Por volta dos 10 anos
de idade, ganhei uma máquina de datilografar de um vizinho adulto que dizia ver
em mim potencial para a expressão escrita. Sempre gostei de tudo que fosse
voltado para a linguagem. Embora tão menino, no início da década de 1990, a
minha cabeça fervilhava de pensamentos, dificilmente interpretados, pois não
tinha habilidade para isso.
Só sei que gostava de
colocar aquele vendaval em um papel. Datilografava, tirava o papel, tentava
fazer alguma ilustração e guardava tudo debaixo da minha cama, dentro de uma
caixa de papelão. Eram meus segredos!
Onde eu usava a
máquina? Em um espaço pequeno e escuro, escondido, não frequentado, entre uma
parede, uma porta que nunca se abria e a Kombi estacionada do meu pai. Lá,
ninguém iria tirar a minha atenção.
Enquanto as crianças da
minha idade corriam nas calçadas, subiam árvores e faziam peripécias, eu
escolhia escrever para acalmar o vendaval constante, que punha em risco uma
vida que não vivia em paz. Ao sobrar tempo, eu corria para a rua, mas nem
sempre aproveitava com qualidade as brincadeiras. Parecia que nossos mundos não
se encaixavam.
Certo dia, confuso,
criança, melancólico, peguei a caixa com os textos curtos datilografados,
coloquei a máquina dentro e joguei tudo fora.
Ninguém nunca leu os
meus textos, à época. Nem sei mais sobre o que eu escrevia.
Repeti esse
comportamento várias vezes, sempre que tinha alguma crise, ao não conseguir
acalmar os vendavais constantes. Colocava tudo em caixas e jogava fora.
Por uma época, me
arrependi.

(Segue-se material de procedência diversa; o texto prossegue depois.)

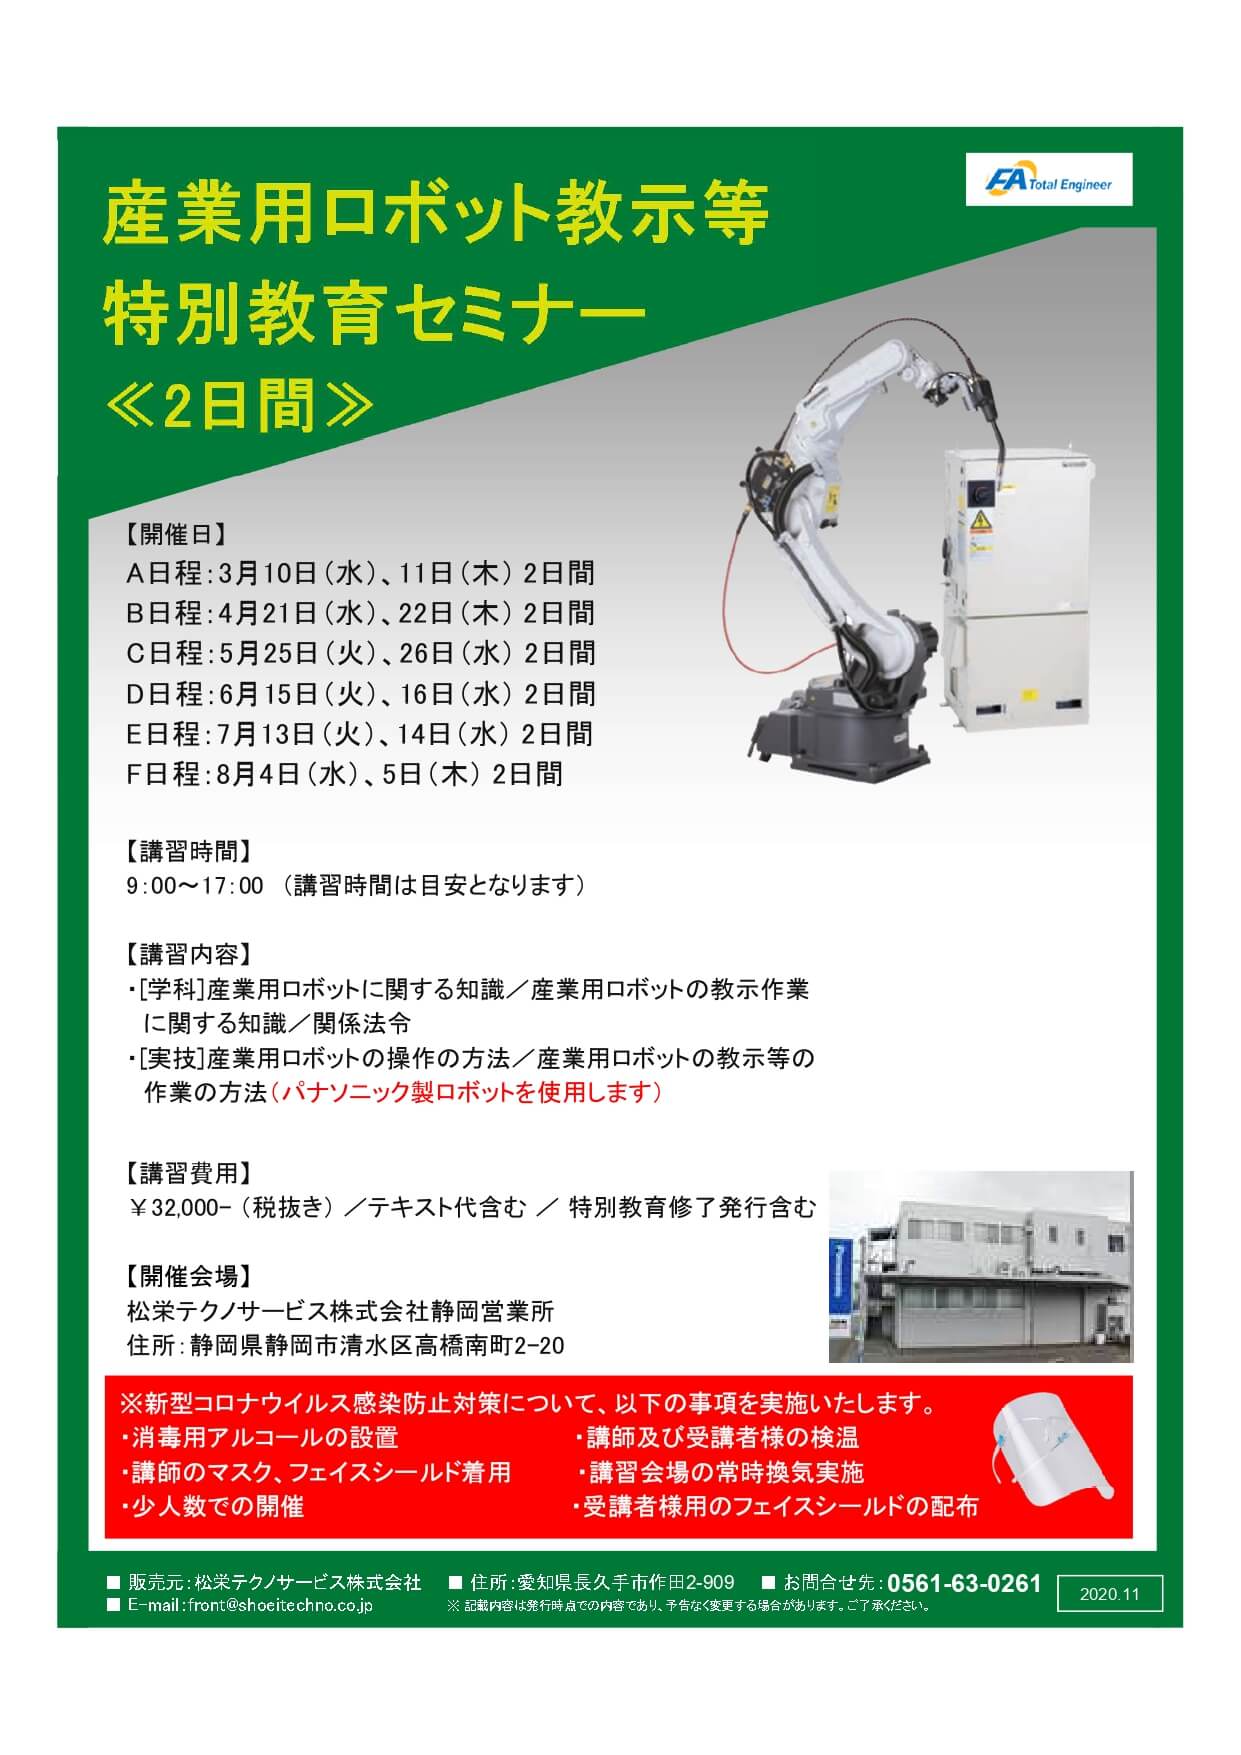 【終了しました】産業用ロボット特別教育（教示等）静岡会場開催のお知らせ
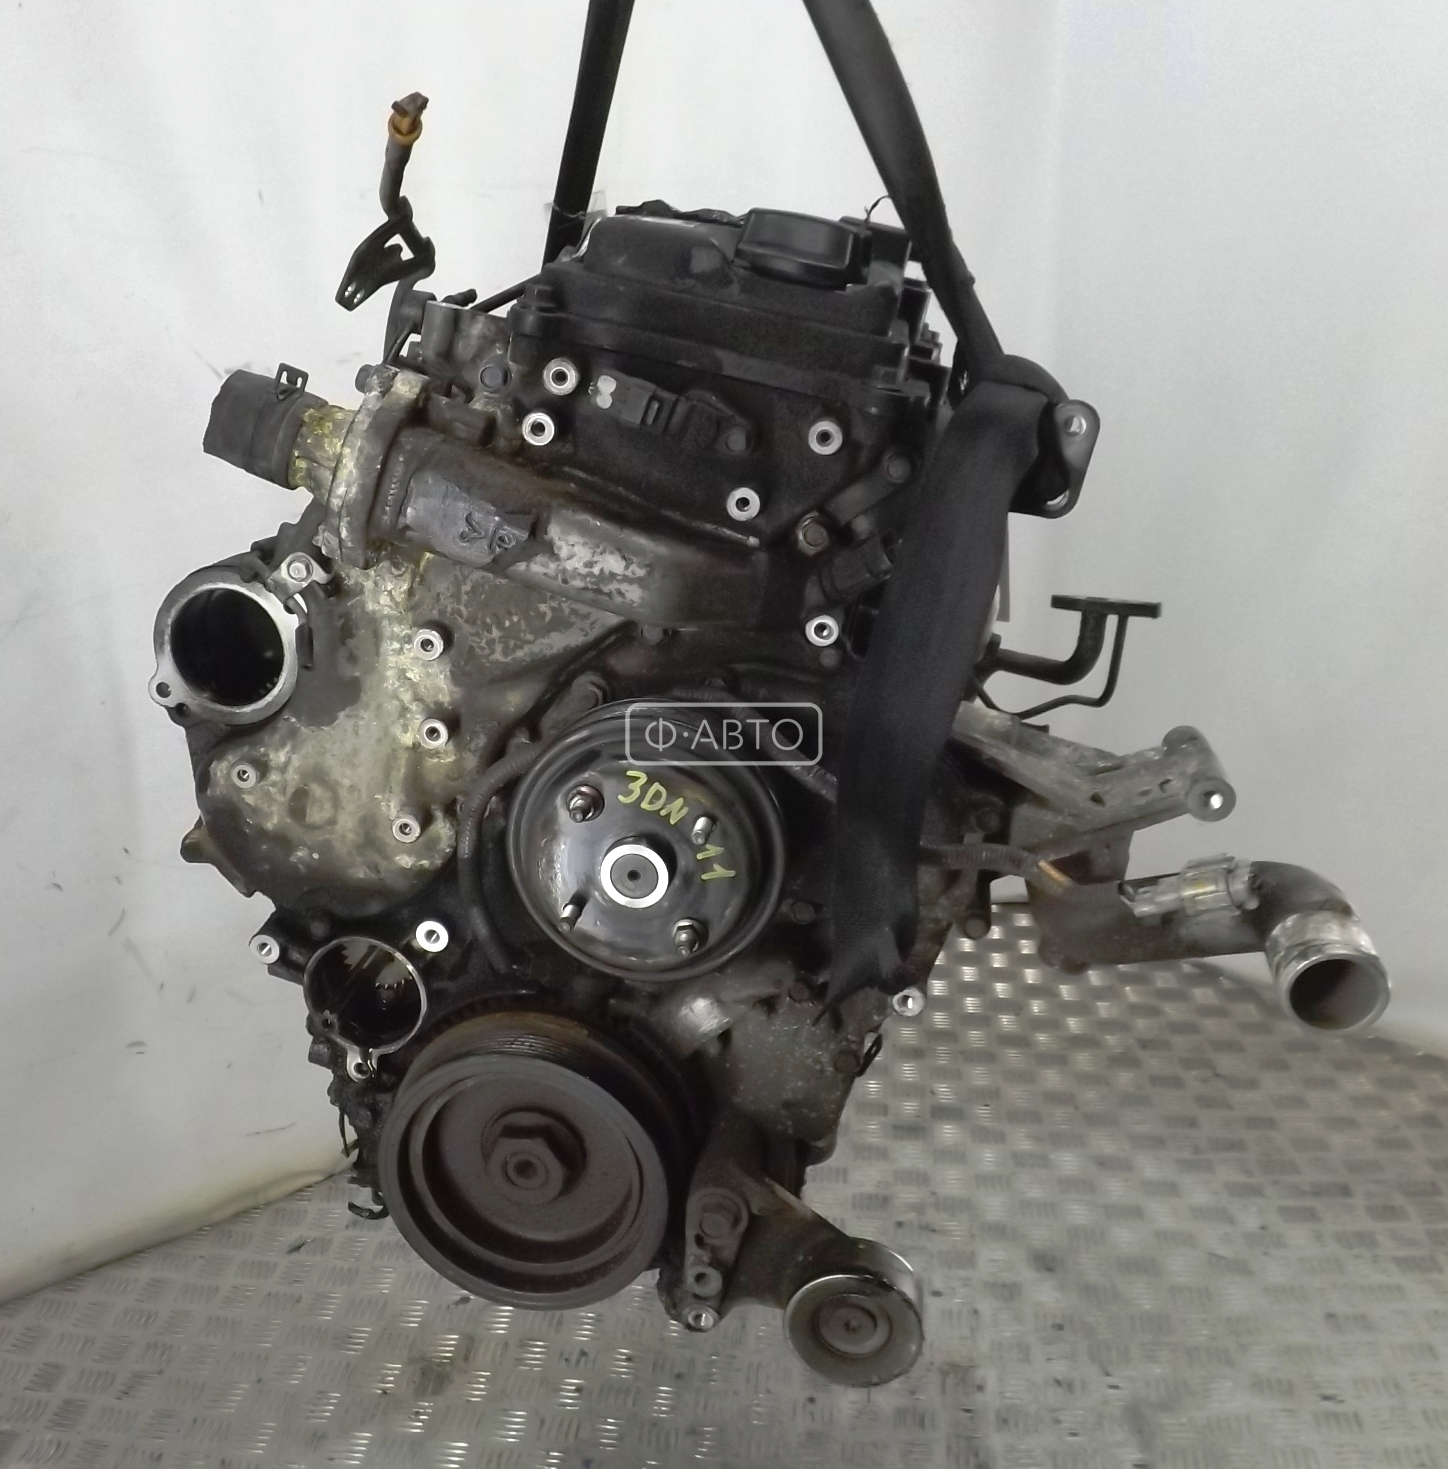 Технические характеристики мотора Nissan TD42 4.2 литра

Achei que nada daquilo deveria ter sido feito e que, hoje, eu
poderia compartilhar as minhas inquietudes.
No entanto, hoje,
adulto, entendo que era o meu inconsciente quem me levava para aquele espaço
escondido e escuro, e quem me fazia jogar os meus segredos no lixo dentro de
caixas de papelão. Na verdade, eu descartava qualquer forma de dor. Qualquer
indício de minhas ondulações psicológicas, já tinha destino certo: uma caixa de
papelão no lixo.
Insegurança, trauma,
crenças limitantes, carência dolorosas, choros escondidos estavam reunidos
naquela sala pequena e escura do mundo físico aflorando o que estava no
universo mental.
Hoje, guerreio contra
esse universo mental. Não quero mais caixas de papelão e salas pequenas e escuras.
Quero tudo livre, pleno, saboroso, consolidado, amigável, público.
Se eu me encontrar
diante de uma sala pequena e escura do meu inconsciente, quero acender a luz,
expandir as paredes, abrir as portas e caminhar livremente por elas.